More House Flippers use Leverage as All-cash Purchases Decline
By Kerry Curry, B2R Contributing Writer
It seems logical that a decline in the distressed housing stock coupled with low inventories would lead to fewer residential property flips, but just the opposite is true in today’s market where house flipping reached a 6-year-high in the second quarter.
Part of the reason for the rise: Flippers have more financing options than they’ve had in the past although hard-money loans likely still account for the bulk of flips that use leverage.
ATTOM Data Solutions, the new parent company of RealtyTrac, recently released its Q2 2016 U.S. Home Flipping Report, which shows 51,434 U.S. single-family and condo sales were completed flips in the second quarter of 2016. This is up 14 percent from the previous quarter and up 3 percent from a year ago, making this the highest number of home flips since Q2 2010.
ATTOM describes a home flip as a property that is sold in an arms-length sale for the second time within a 12-month period.
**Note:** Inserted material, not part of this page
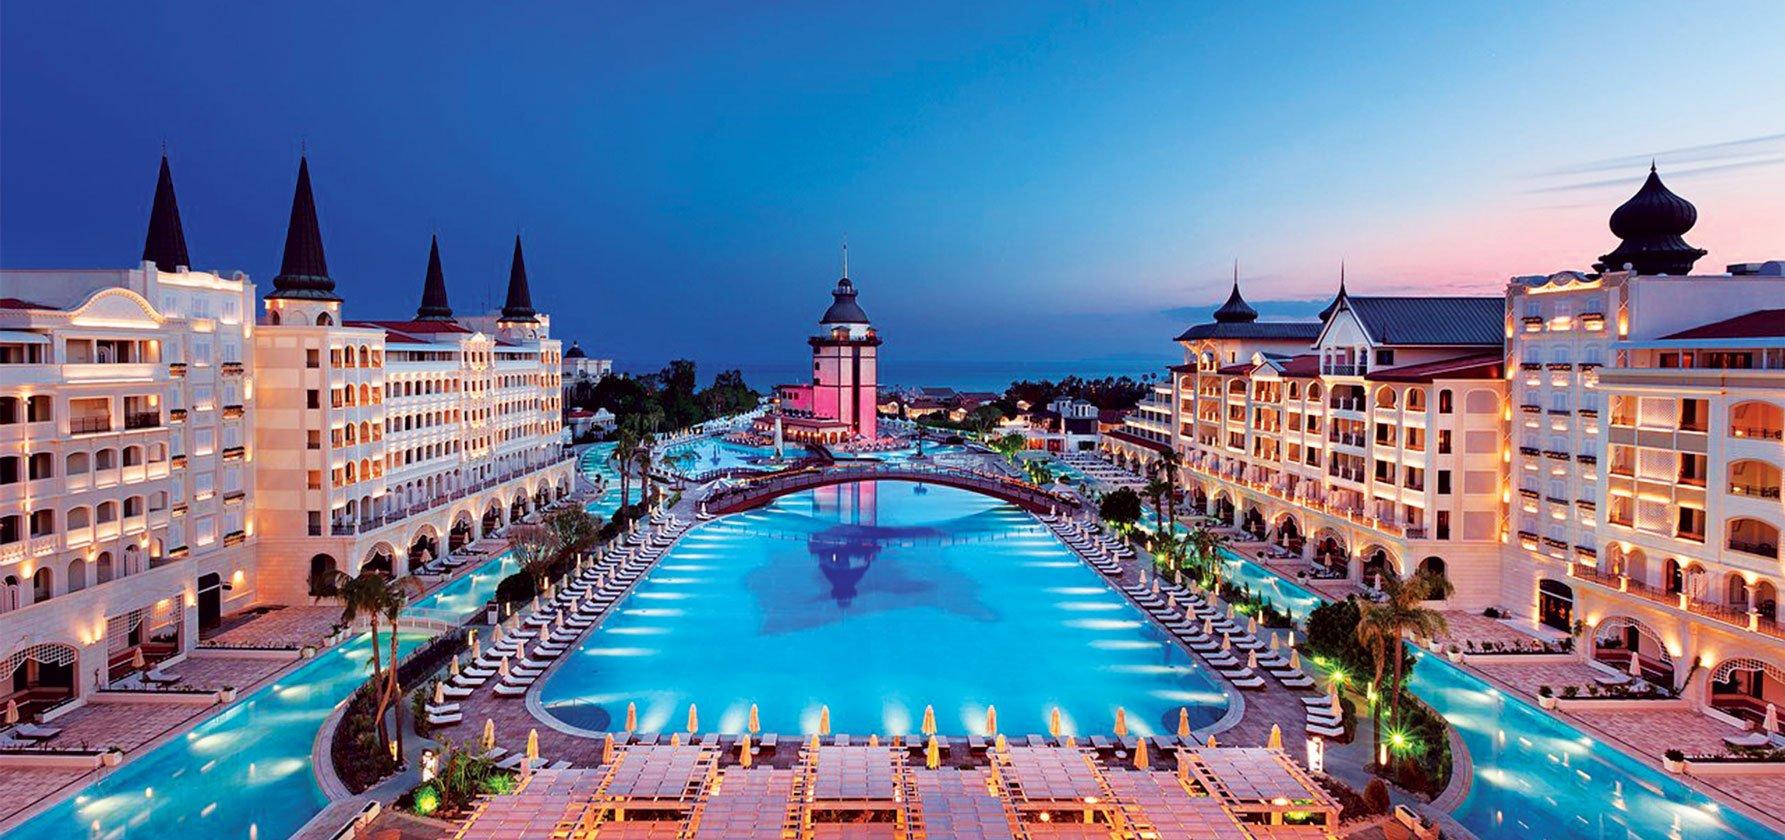 Titanic-Mardan-Palace-_-Antalya,-Turkey-1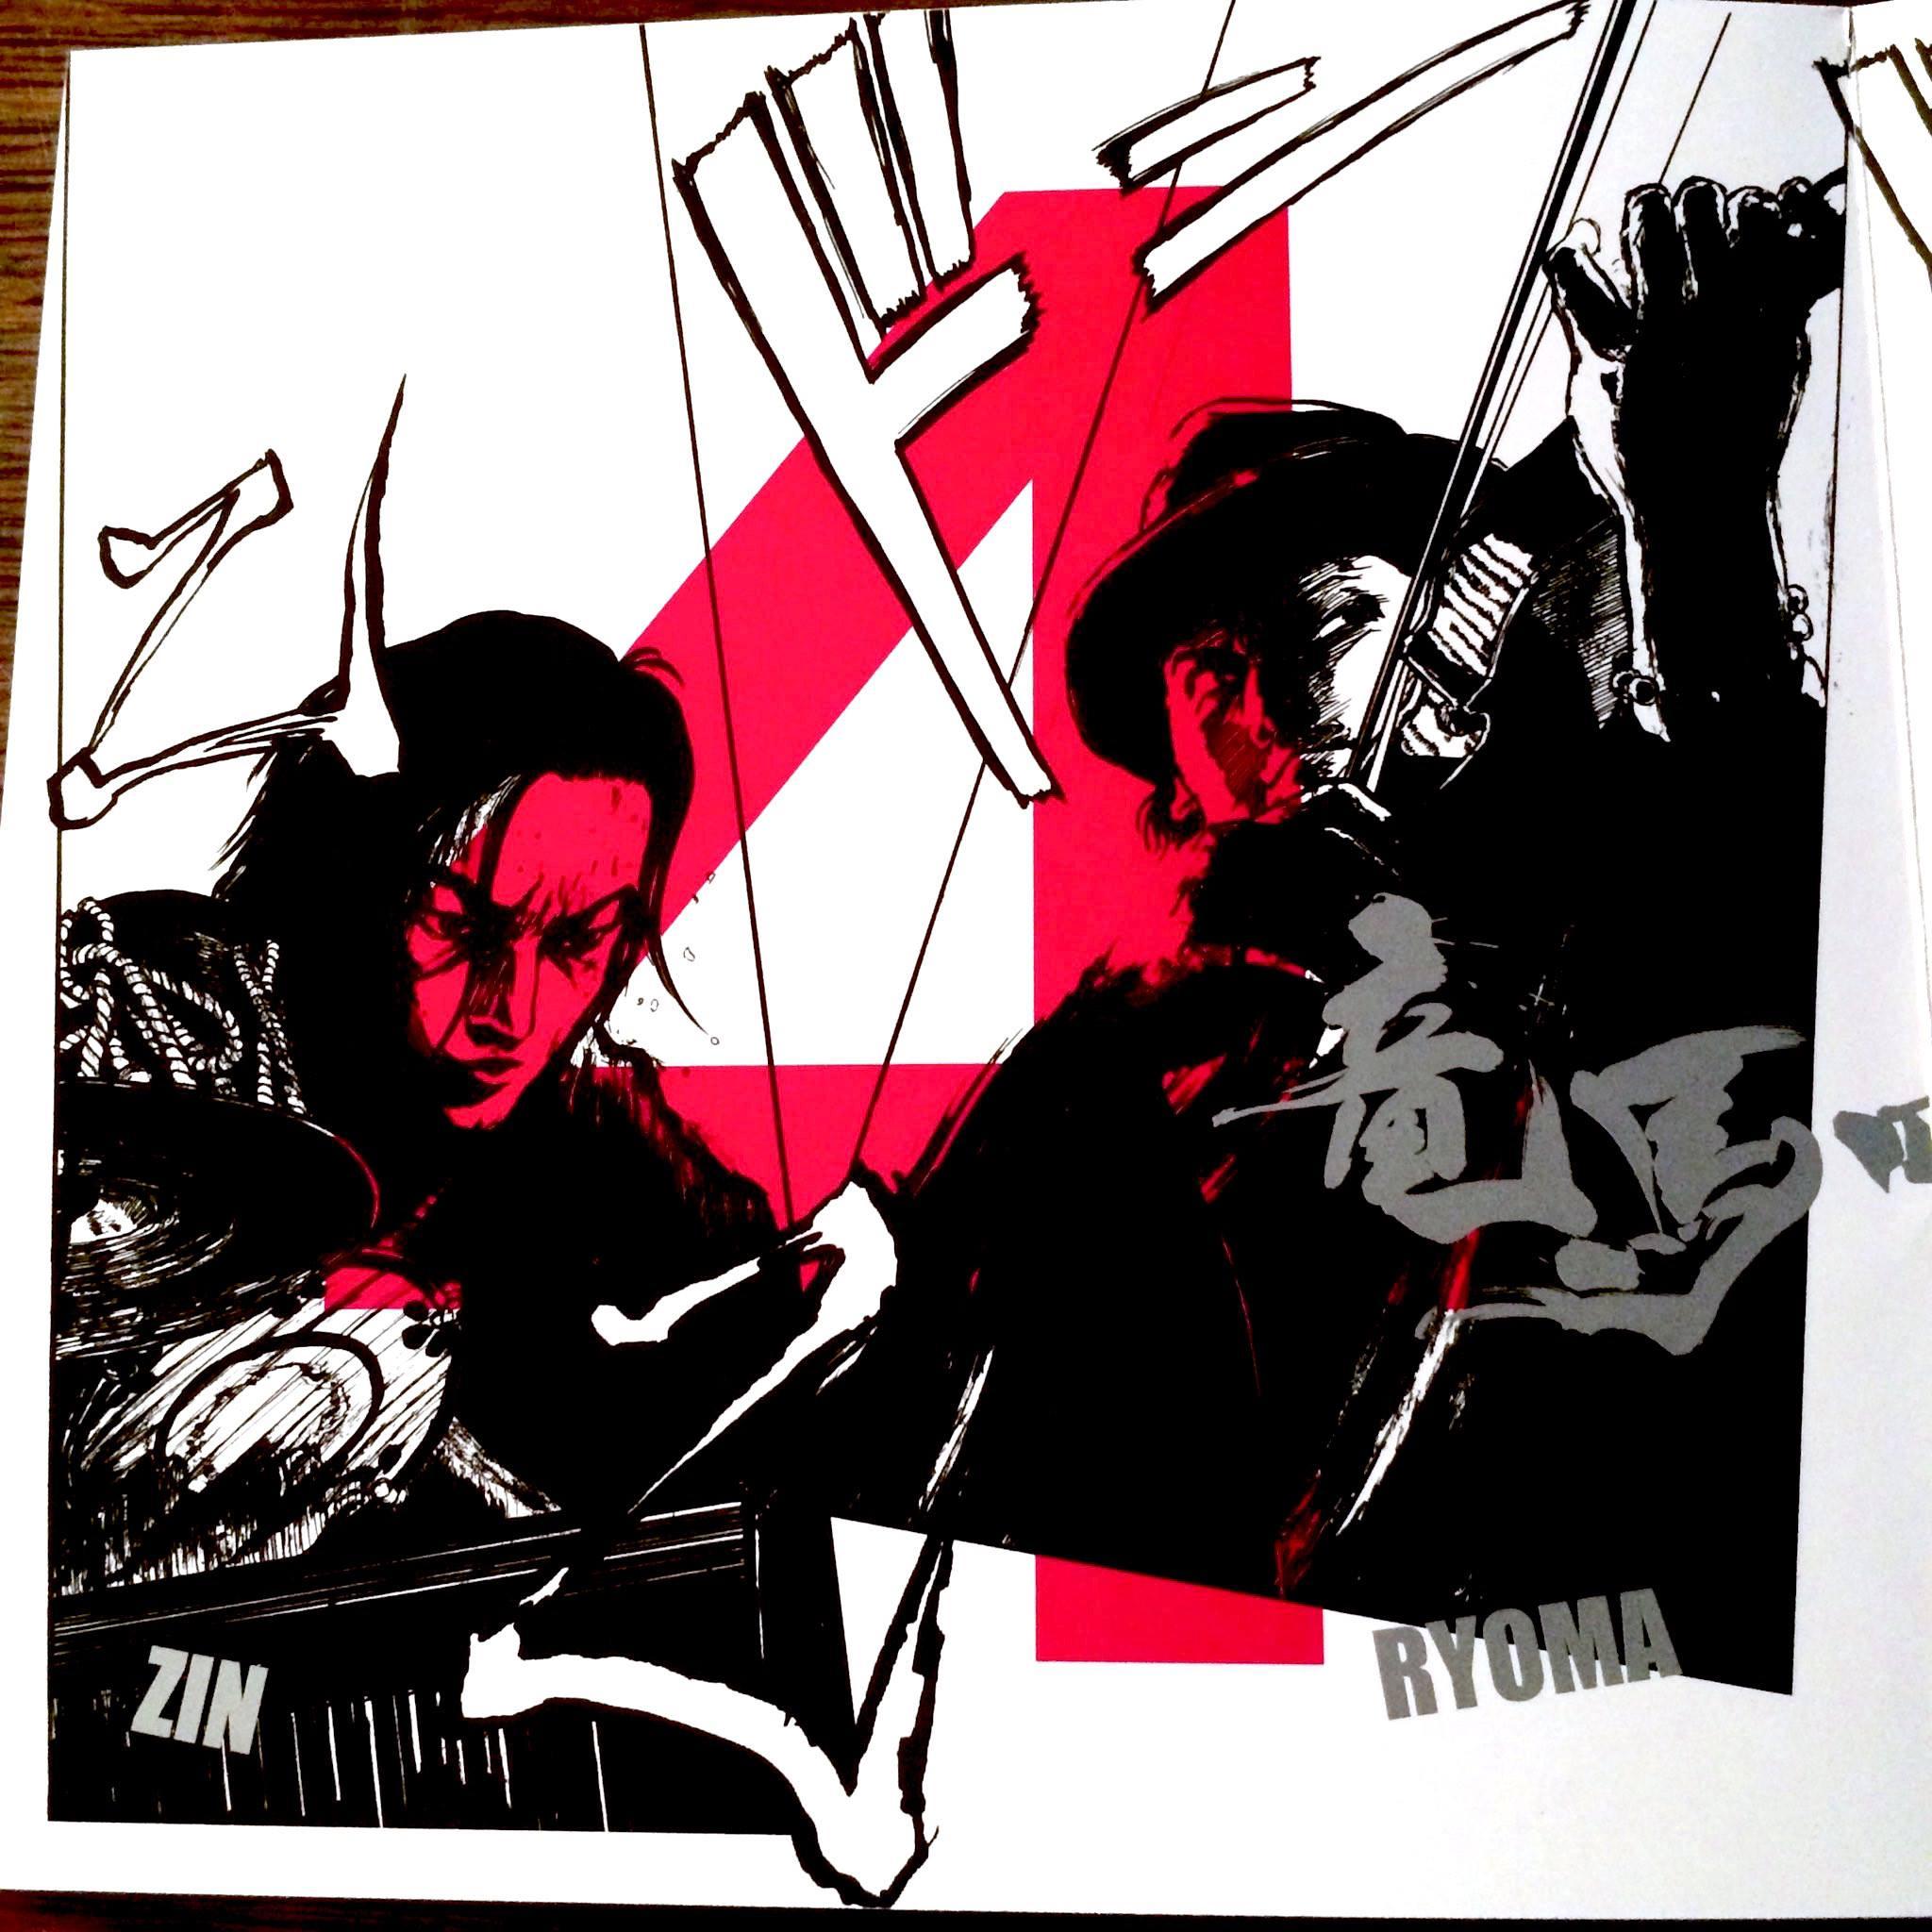 Ryoma Quartet _NEO ZIPANG_04

Mortgage Companies Offering Leverage on Flips
The share of flippers buying with cash dropped to the lowest level since Q3 2008, according to the report, which notes that 68.3 percent were purchased with cash, down from 71.1 percent in the previous quarter and down from 69.6 percent in Q2 2015.
“New players in the marketplace are providing some creative spins on the traditional hard money loans such as bridge loans and refinances, while also providing competition that brings the interest rates down significantly,” Daren Blomquist, senior vice president at ATTOM Data Solutions, told B2R Finance.
“Ten years ago the typical hard money loan would be 12 percent to 15 percent interest, Blomquist said. “Now investors can probably easily find a short-term rehab loan with single-digit interest rates.”
Is the Housing Market Headed for Overdrive?
Homes flipped in Q2 2016 accounted for 5.5 percent of all single-family and condo sales during the quarter. Housing experts look at flipping as one method to gauge the health of the housing market.
“Home flipping in moderation (around 5 percent of sales) and done with discipline on the part of the investors (purchase discounts of at least 20 percent below full market value) indicates a healthy and growing housing market,” Blomquist tells B2R. “A disproportionate amount of flips (probably over 10 percent of sales) done without discipline (purchase discounts below 20 percent) indicates an overheated and over-speculative housing market that is headed for engine failure.”
Nationwide, the purchase discount stands at 25.7 percent, meaning that, on average, flippers bought the homes for 25.7 percent below the estimated full market “after repair” value of those homes.
But in some markets, the purchase discount was well below that 20 percent threshold, Blomquist notes, most notably super-hot markets such as San Antonio, Austin and Dallas where the purchase discount is in the single digits. In San Jose, California and Denver — also hot housing markets — the purchase discounts on flips were only 11.3 percent and 12 percent, respectively.
Flippers are also having a harder time flipping their properties quickly once they are renovated. It now takes an average of 185 days to flip, up five days from the first quarter.
The $62,000 average gross flipping profit represented an average 48.8 percent return on the original purchase price, down from a 49.3 percent average gross flipping ROI in the previous quarter, but up from a 47.5 percent average gross flipping ROI in Q2 2015.